4.8.5 If an individual establishes and notifies CMI that their information is inaccurate, incomplete or not up to date, CMI will take reasonable steps to correct the information or to record that the individual disagrees with the information on file.
4.9 Maintaining data quality
4.9.1. CMI expects its staff, students and agents to take reasonable steps to ensure that any information is collected, used or disclosed is accurate, complete and up to date.
4.10 Securing, storing and retaining data
4.10.1. CMI will take reasonable steps to ensure that the information it handles is protected from misuse, loss, unauthorised access, modification and disclosure.
4.10.2. We take appropriate steps to protect your personal information from accidental or unlawful interference, unauthorised access, misuse, loss, modification or disclosure by implementing physical, administrative and technical safeguards.
4.10.3. We retain your information for as long as it is necessary to fulfil the purpose and associated activities for which it was collected, including complying with Our legal and regulatory obligations (e.g. audit, accounting and statutory retention terms), handling disputes, and for the establishment, exercise or defence of legal claims in the countries in which we operate.
4.10.4. We may need to retain certain personal information after we cease providing you with membership, services or products to enforce Our terms or after you cease employment with Us for fraud prevention, audit or insurance purposes or to identify issues or resolve legal claims and/or for proper record keeping.
4.10.5. We will dispose of personal information in a secure manner. Aggregated usage data may be retained indefinitely for the purpose of monitoring historical performance of Our website and services.
4.10.6. CMI's requirements in relation to information technology security are set out in the Records Management Policy and relevant associated Procedures.
4.11 Disposing of and destroying information
4.11.1. CMI will take reasonable steps to destroy or permanently de-identify personal or sensitive information if it is no longer legally required to be held. CMI's requirements in relation to the destruction of documents are governed by the Records Management Policy and related procedures.
4.11.2. CMI will only destroy or permanently de-identify health information in accordance with the Health Records Act 2001 (Vic).
4.12 Health information
4.12.1. In addition to the above, there are specific obligations with respect to health information received in confidence and transferring health records to other health service providers. Refer to the Privacy Procedure for further information.

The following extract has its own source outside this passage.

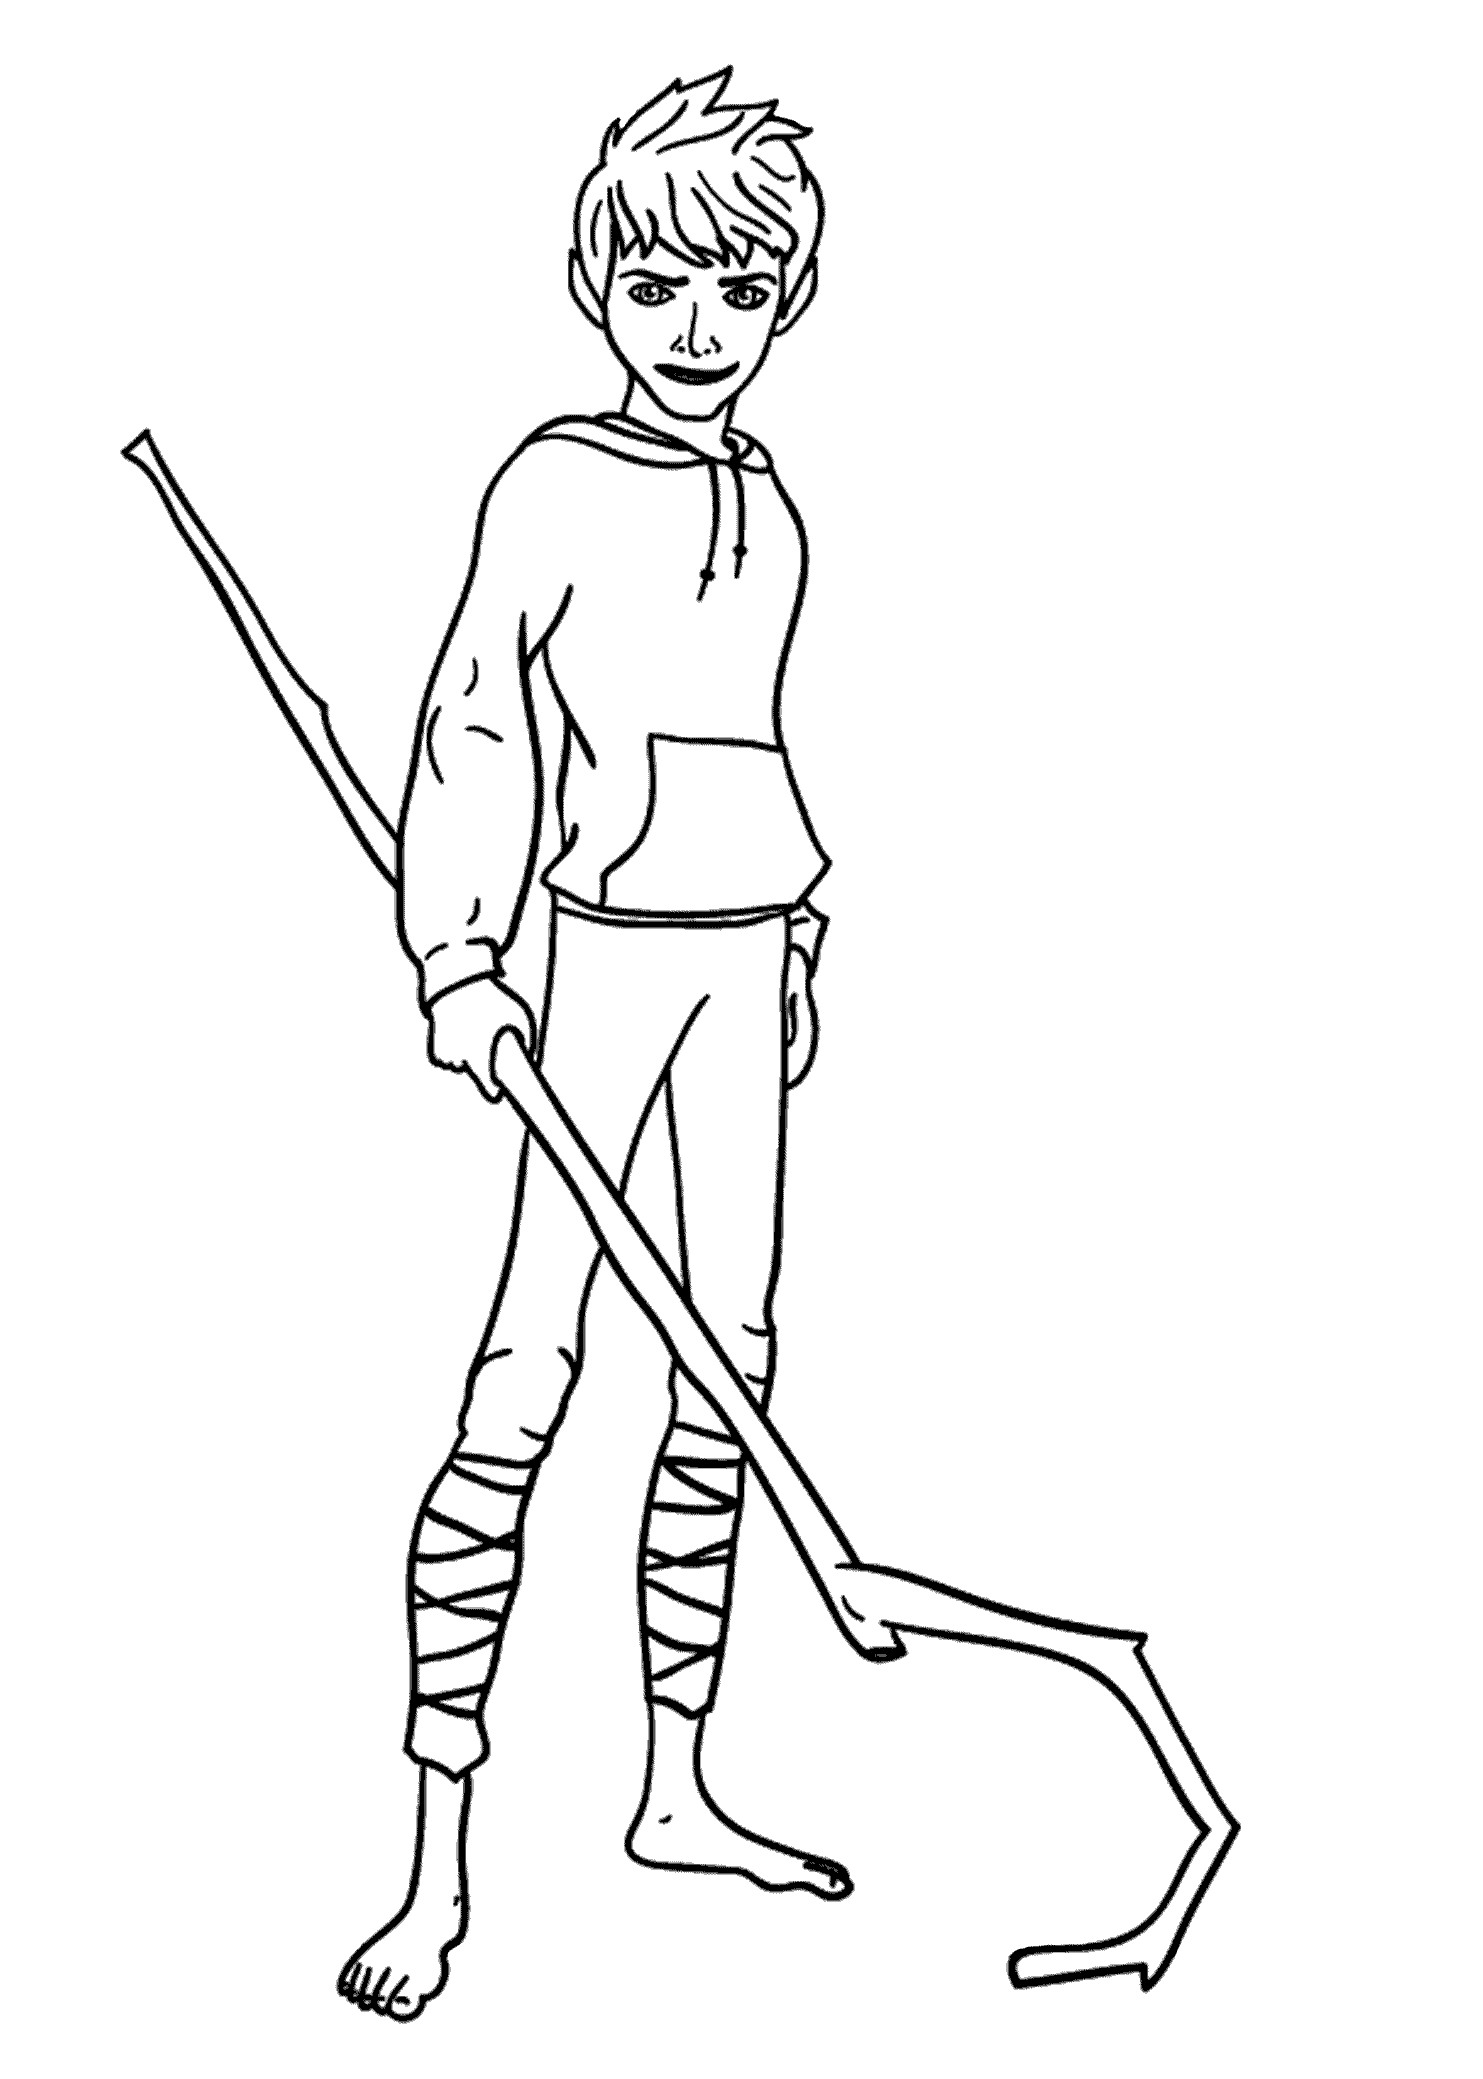 jack frost coloring pages jack frost from rise of the guardians coloring page free pages jack coloring frost

4.12.2. Health records may be created in many circumstances at CMI. Examples include through CMI’s clinics; through research or teaching and learning activities; through work performed by People & Culture; through student counselling; through the work of the student disability liaison, etc. These must be managed in accordance with the Health Records Act 2001 (Vic). Further guidance on this is provided in the Privacy Procedure and Records Management Policy and associated procedures.
4.13 Privacy support
4.13.1. CMI has Privacy Officers who carry out the functions listed in the Privacy Procedure. Any queries or concerns regarding Privacy should be directed to the relevant Privacy Officer.
5. Procedures
This policy is supplemented by Privacy Procedure and Privacy Security Breach Procedure.
6. Resources and References
6.1. Operational areas within CMI may develop guidelines tailoring the requirements under this policy and the Privacy Procedure to suit their business needs.
6.2. Privacy Appendix 1 to this policy is the Privacy Statement for the collection of staff student information.
6.3. Privacy Appendix 2 to this policy is the Privacy Statement for the collection of staff information.
6.4. Privacy Appendix 3 to this policy is the Privacy Statement for the collection of CoP member information.